= What you need to do =
With the pictures left out, restate exactly the part below that opens with the line containing "Publication of Results" and closes with the line containing "Nojavo desert stationery".

= Recorded information =
= = =

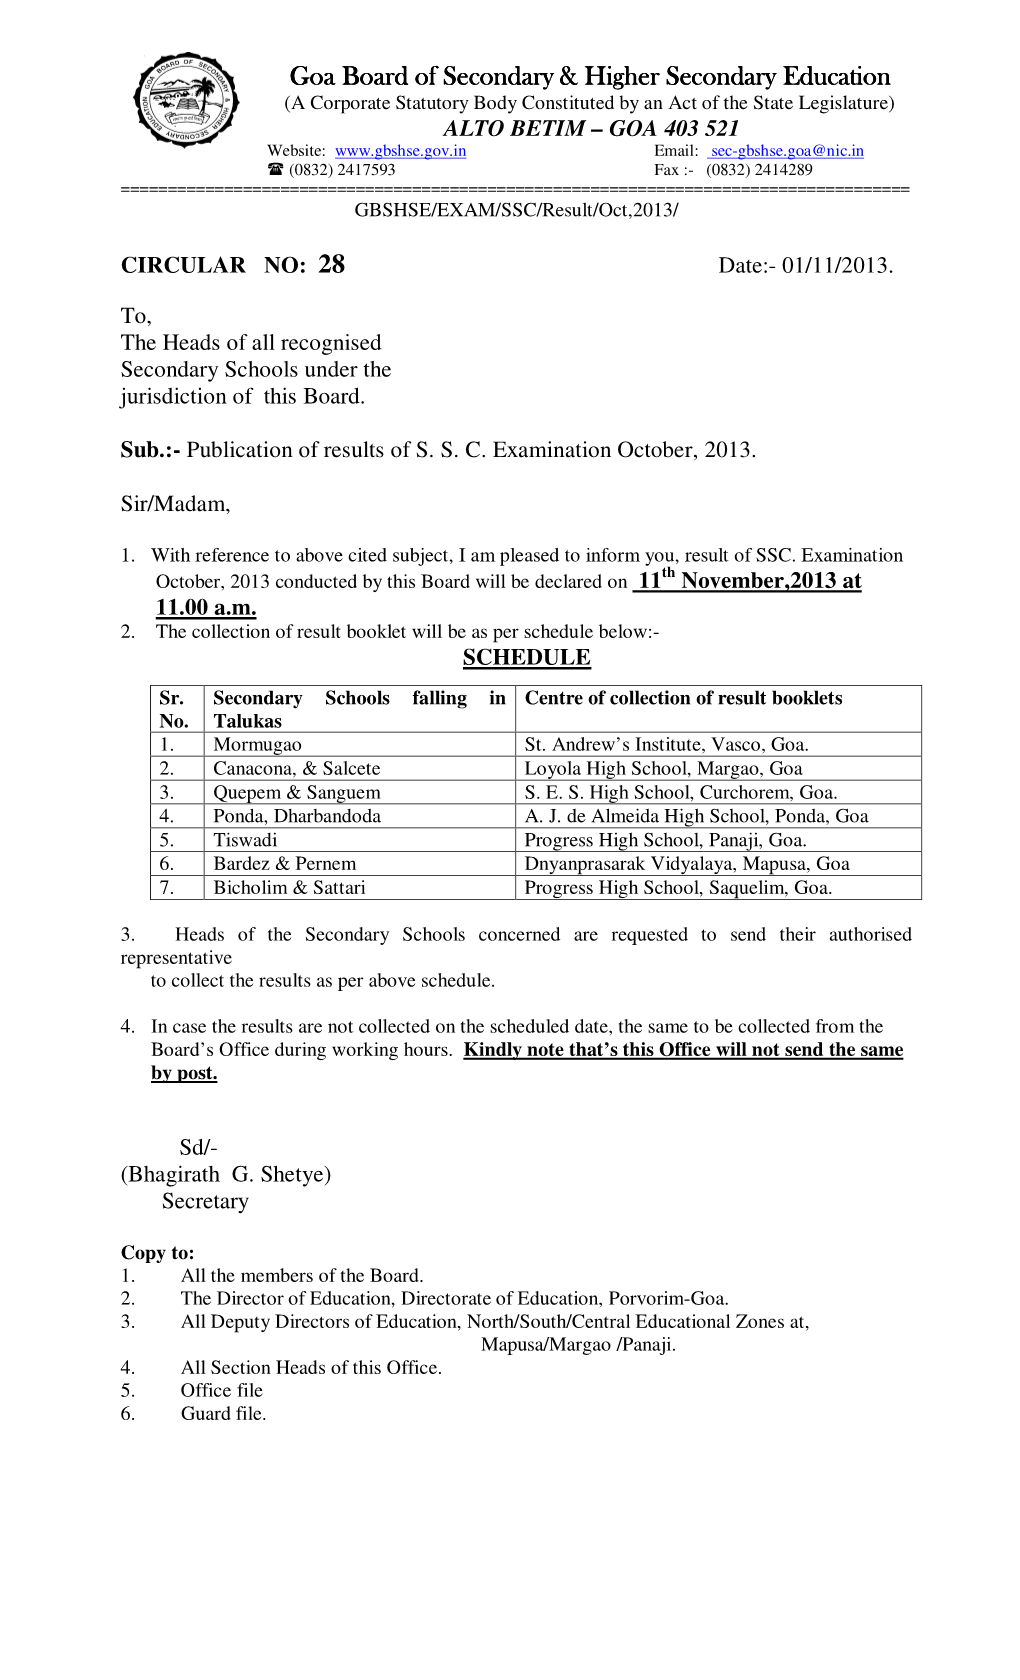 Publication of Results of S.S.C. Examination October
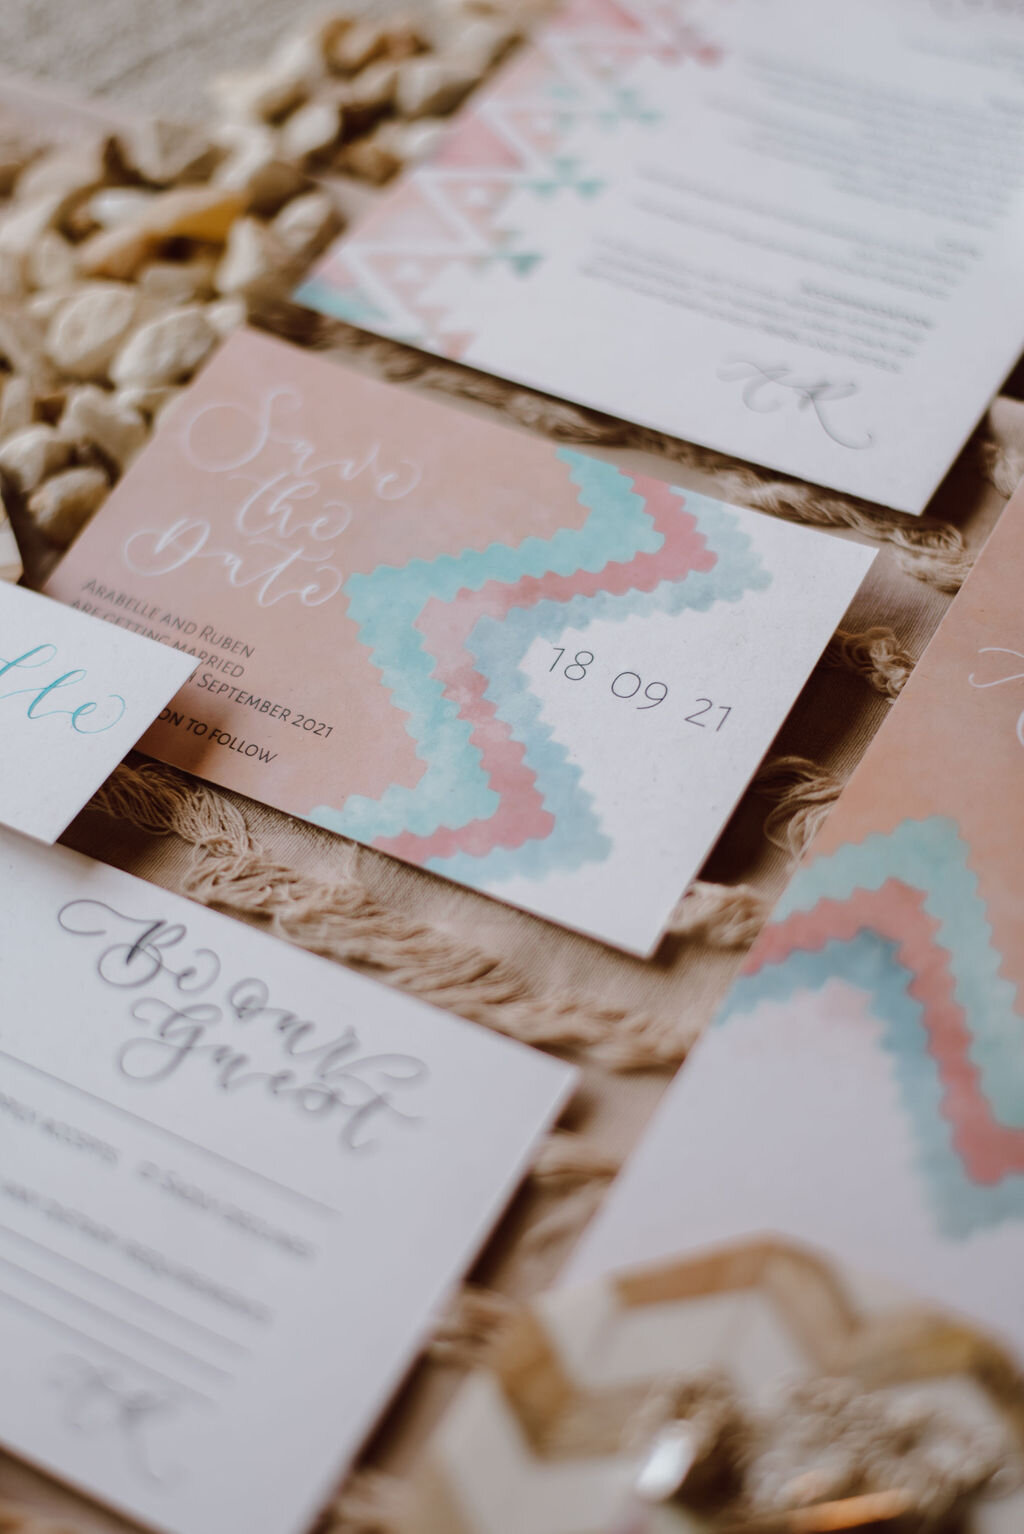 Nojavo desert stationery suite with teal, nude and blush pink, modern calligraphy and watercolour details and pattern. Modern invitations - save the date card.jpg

= = =

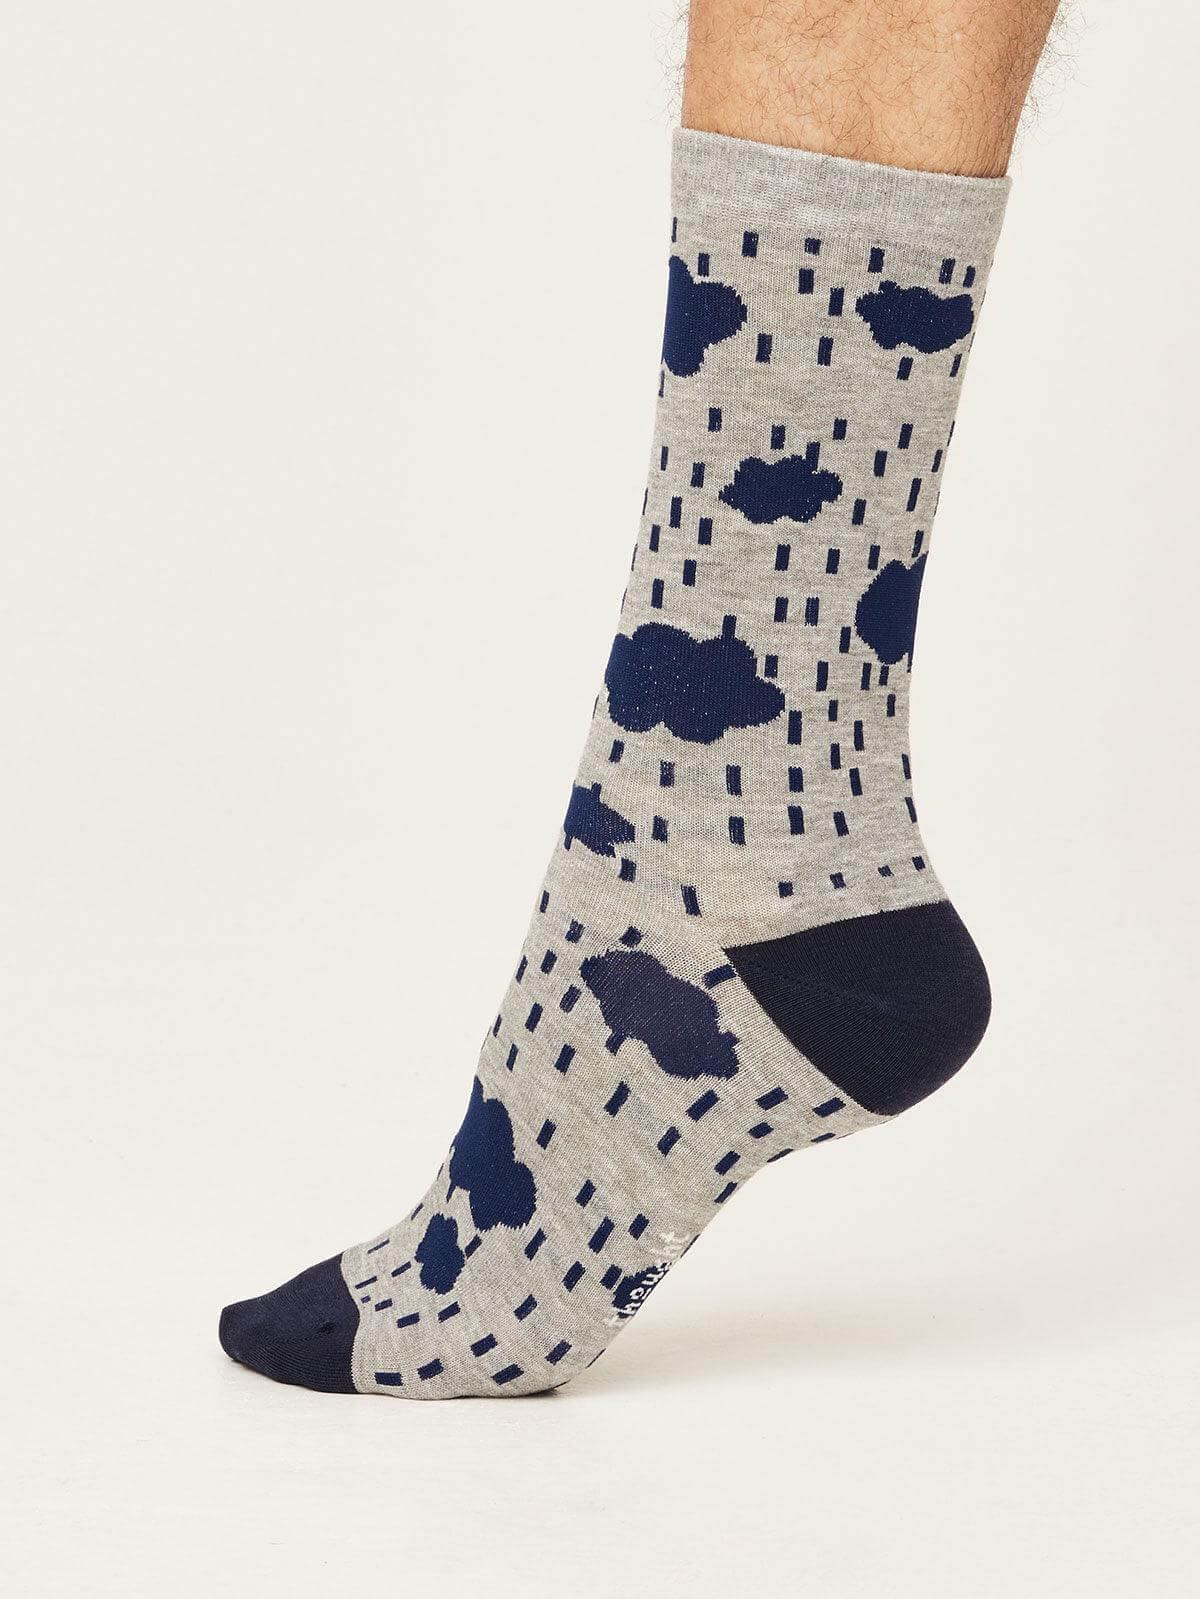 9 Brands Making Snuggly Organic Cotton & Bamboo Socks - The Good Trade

= = =

= Solution to this problem =
 Publication of Results of S.S.C. Examination October
 Nojavo desert stationery suite with teal, nude and blush pink, modern calligraphy and watercolour details and pattern. Modern invitations - save the date card.jpg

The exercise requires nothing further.